The data below:

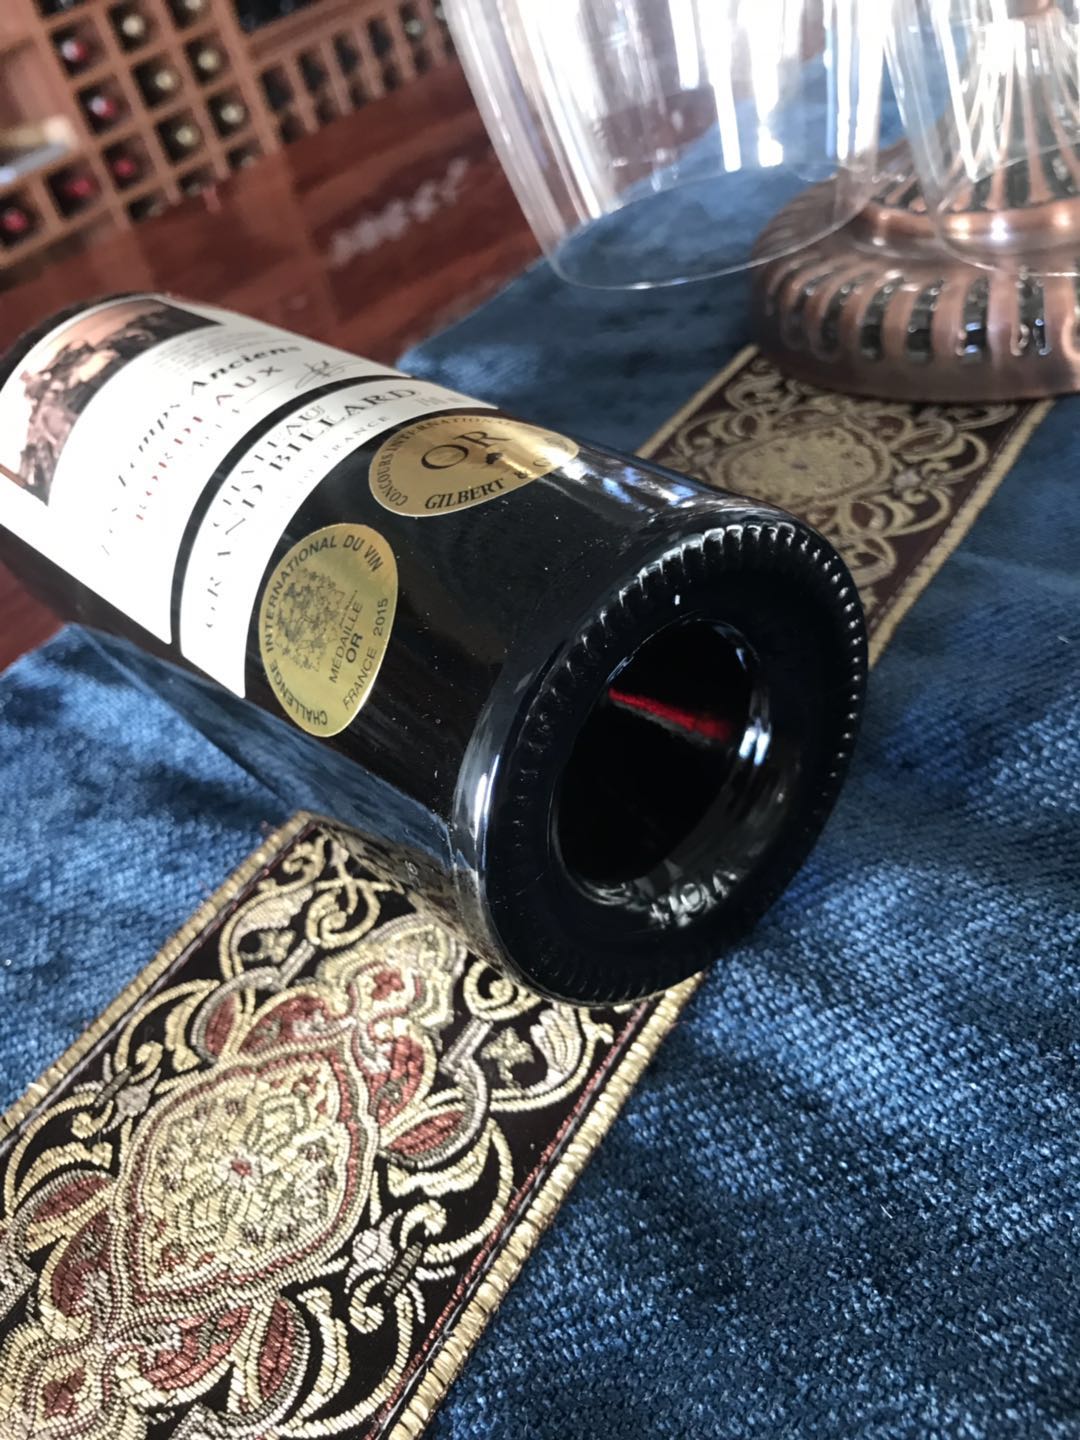 法国进口大贝拉德古堡干红葡萄酒法国进口大贝拉德古堡干红葡萄酒
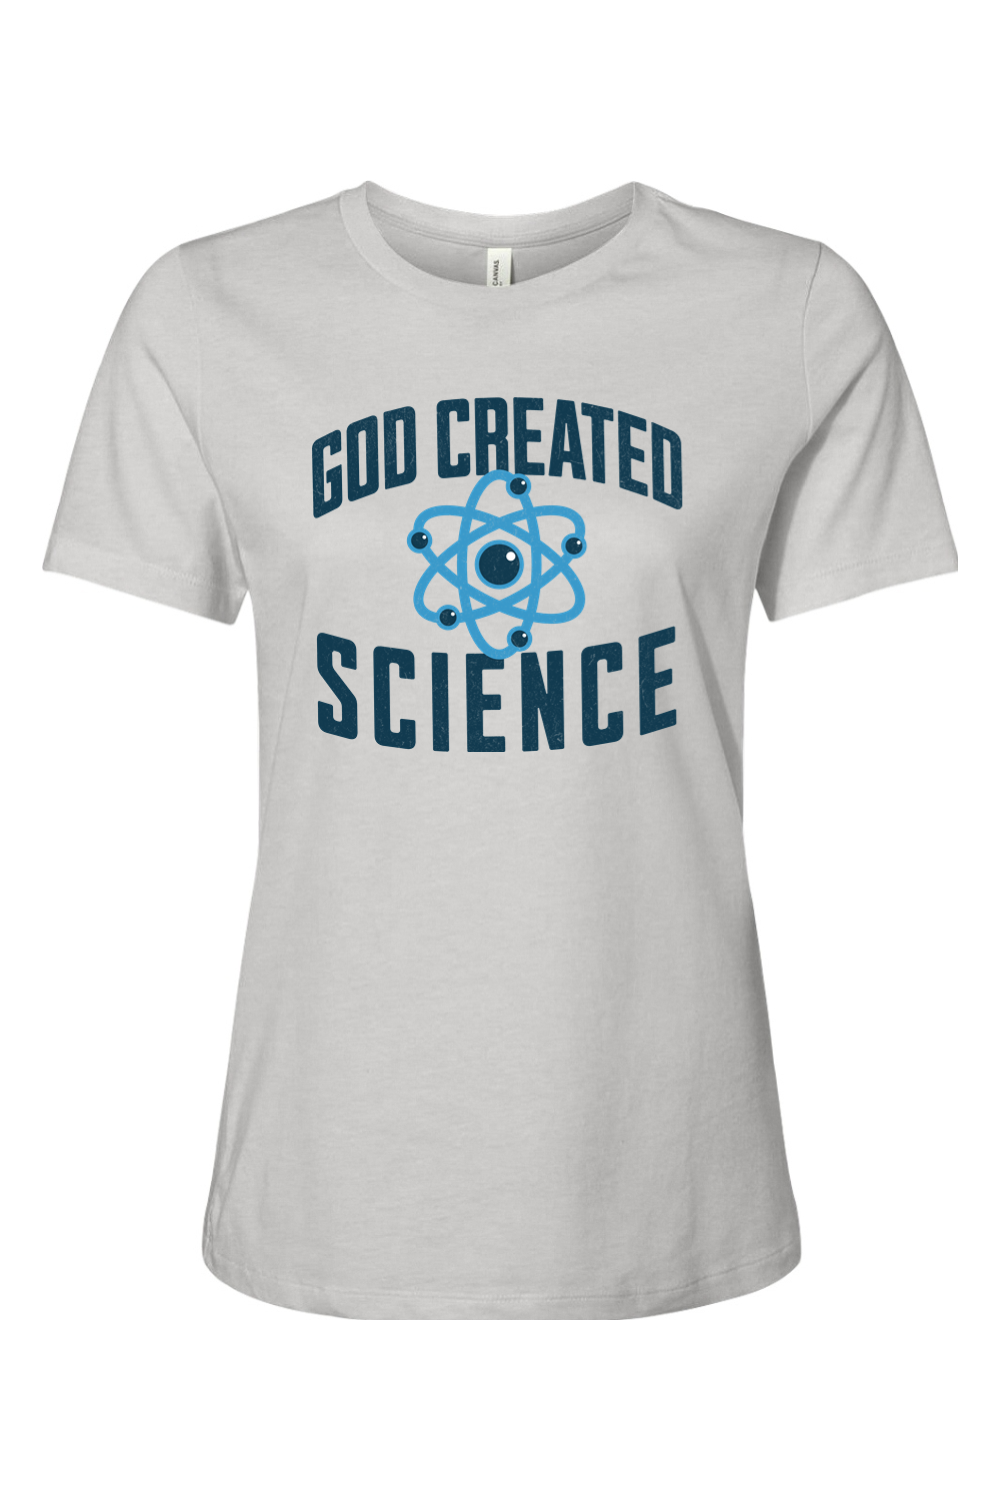 God Created Science - Ladies Tee
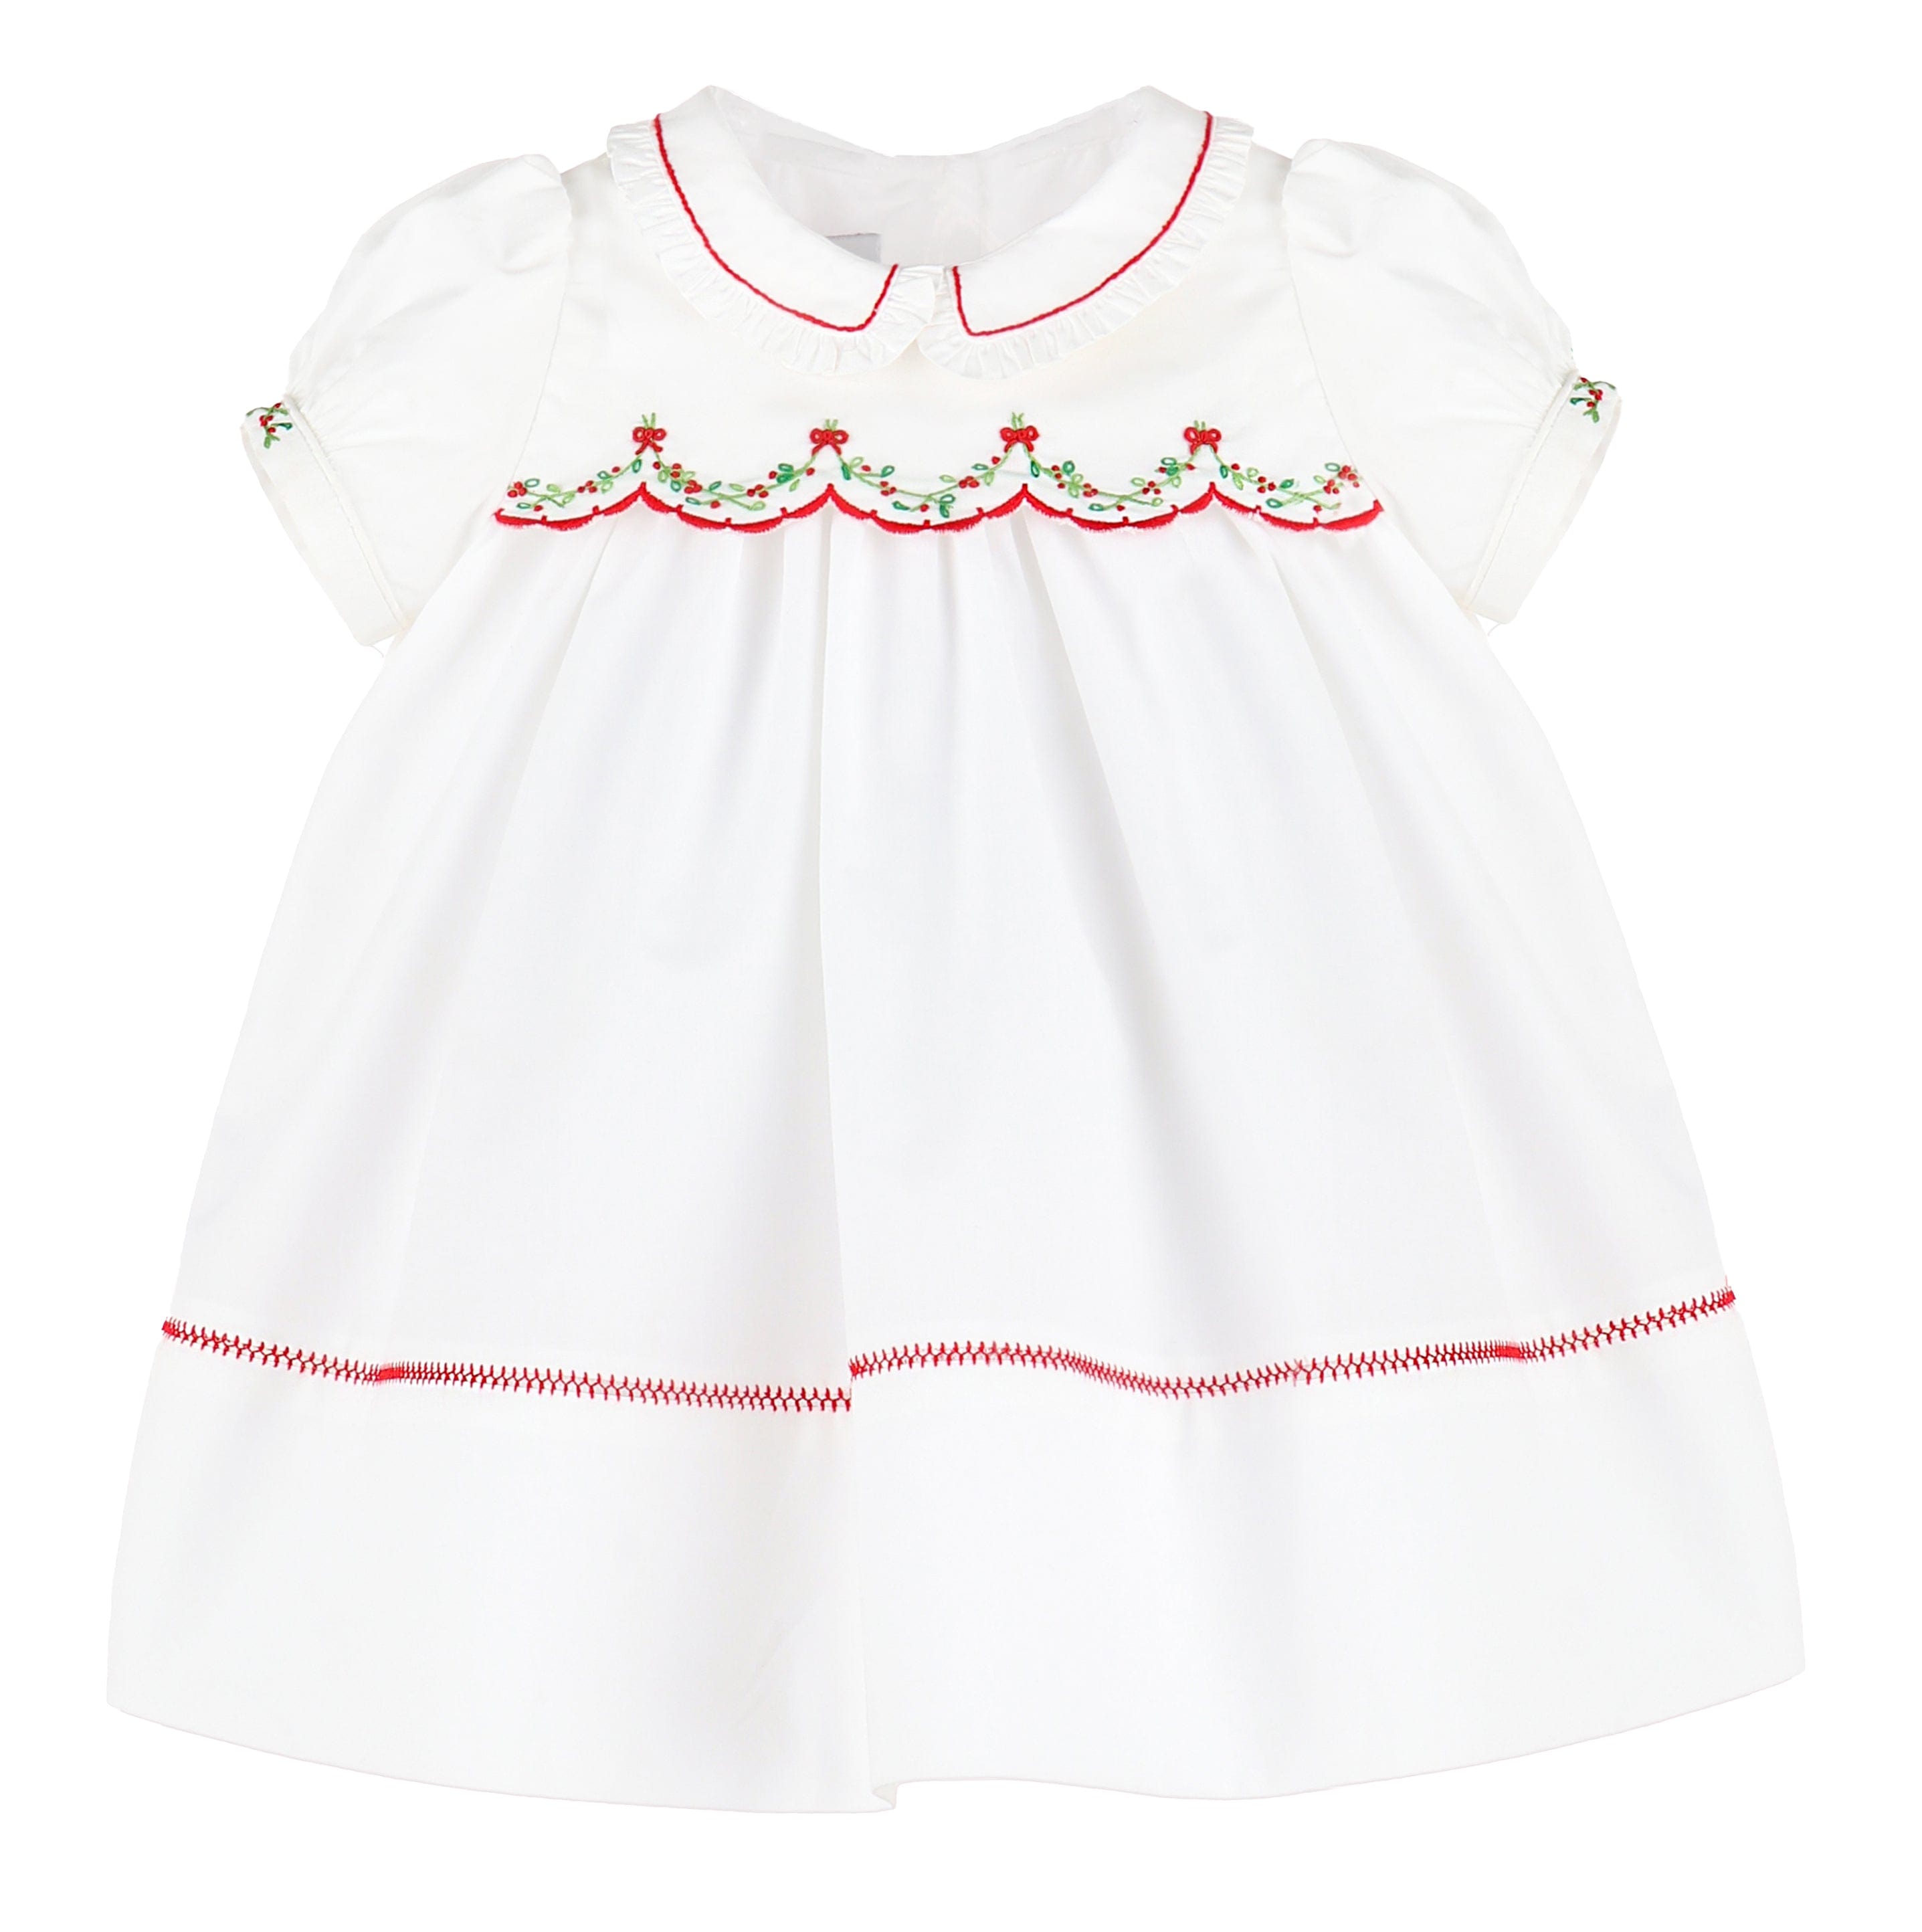 C&A - Casero & Associates Casero & Associates Merry Maker Scallop Dress - Little Miss Muffin Children & Home

End of The data.

Task brief → Set the listing down verbatim, excluding pictures.

Completed exercise →
 法国进口大贝拉德古堡干红葡萄酒法国进口大贝拉德古堡干红葡萄酒
 God Created Science - Ladies Tee
 C&A - Casero & Associates Casero & Associates Merry Maker Scallop Dress - Little Miss Muffin Children & Home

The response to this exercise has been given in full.